Rye bread contains a large amount of fibre and a small amount of fat. Its lower glycaemic index than white bread means rye bread causes less of an increase in blood sugar.
150ml (5 fl oz) lager
115ml (4 fl oz) cold water
7g (1½ tsp) fast-action dried yeast
225g (8 oz) strong white bread flour
1 tsp sea salt
225g (8 oz) rye flour
1 tbsp pumpkin seeds
1 tbsp sunflower seeds
1 egg, beaten
A little olive oil, for greasing
1 tbsp strong white bread flour, for dusting
1. Place the lager in a small pan and bring to simmering point on the simmering plate, remove from the heat, add the cold water and leave to cool.
2. Sift the white flour into a large bowl, add the salt, rye flour and seeds and stir together. Make a well in the centre and add the beer and water when they are at blood temperature, together with the egg. Mix to a soft, almost sticky but not wet dough – you may need a little extra cold water.

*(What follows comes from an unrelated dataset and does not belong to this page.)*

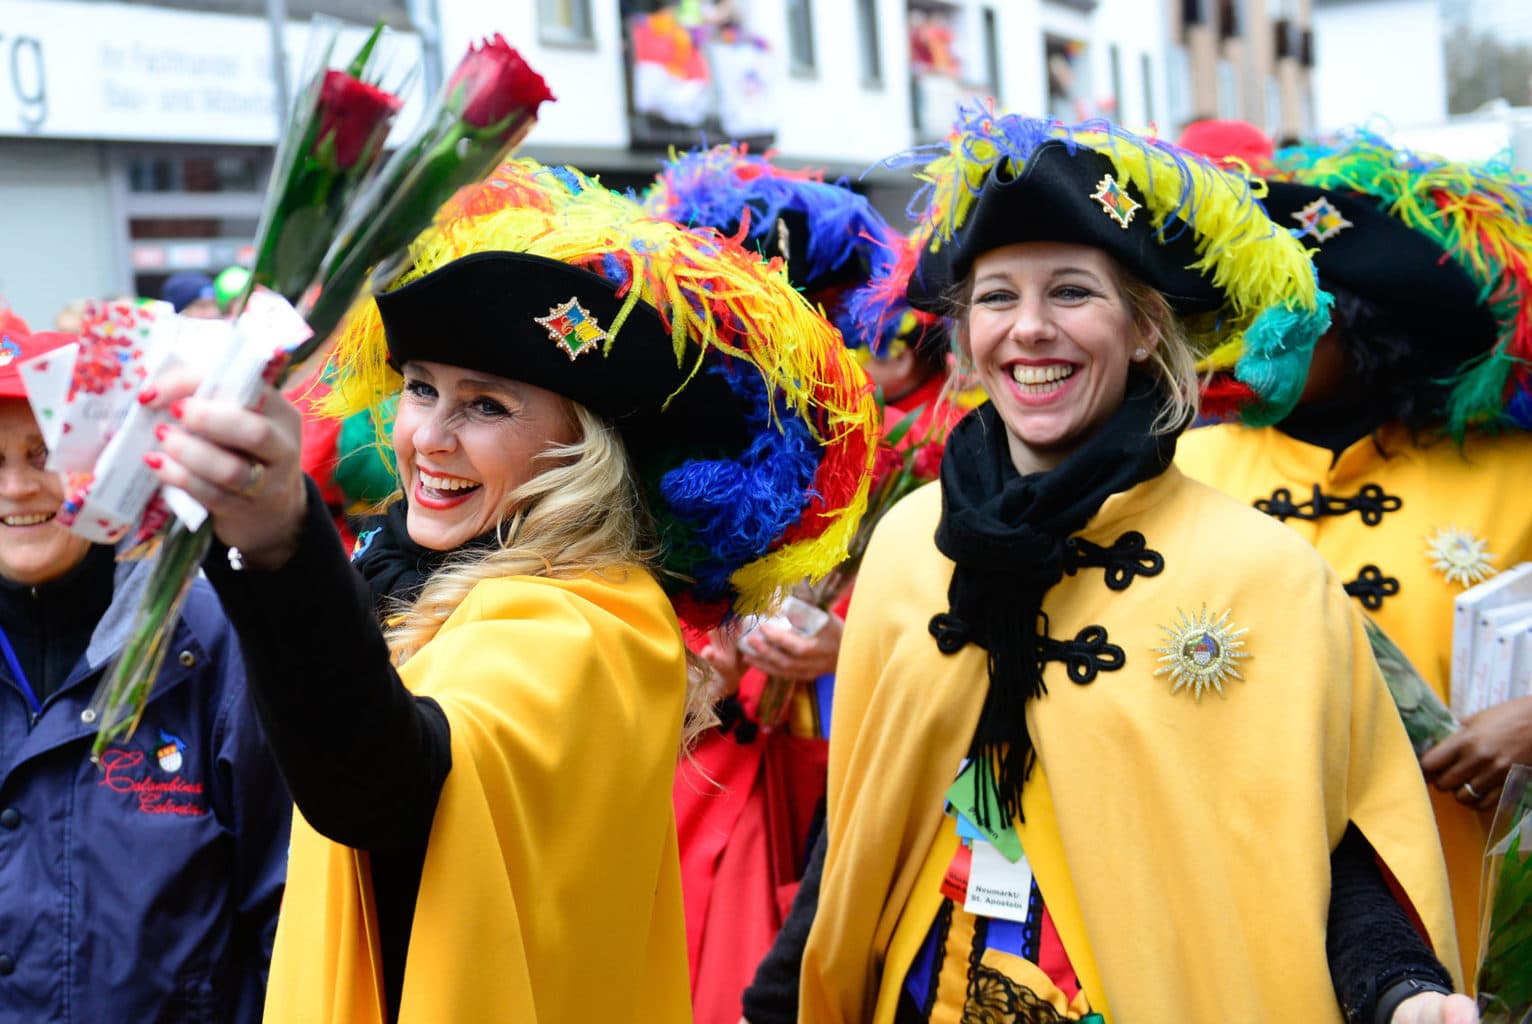 Carnaval in Keulen

3. Knead with a dough hook in a stand mixer at a slow speed for 6 minutes or by hand for 12. Remove the dough and add a little oil into the bowl, roll the dough in this so that it is lightly coated and then cover with a piece of cling film. Place on a work surface next to the AGA and leave for 45 minutes to an hour – until it has doubled in size.
4. Knock back the dough with your fist and knead for a minute and shape into a large oval loaf. Place on an AGA cold plain shelf, lightly oiled, or lined with Bake-O-Glide. Use a really sharp knife to slash down the centre of the loaf. Cover loosely with an oiled piece of cling film.
5. Place to prove on a chef’s pad or folded cloth on the closed simmering plate lid, or use the warming plate, if your AGA has one. Leave for 20-30 minutes – it is ready to bake when it is 1½ times its original size.
6. Carefully lift off the cling film and sprinkle with the white bread flour. Place a clean hand under a cold tap and then shake drops over the cold plain shelf twice, on each side of the centred loaf – this will turn to steam to encourage good ‘oven spring’ during baking.
7. Slide the cold plain shelf onto a grid shelf on the floor of the roasting oven. Bake for 15 minutes and then turn. Bake for a further 10-15 minutes, until it is risen and a good colour. It should sound hollow when tapped on the underside.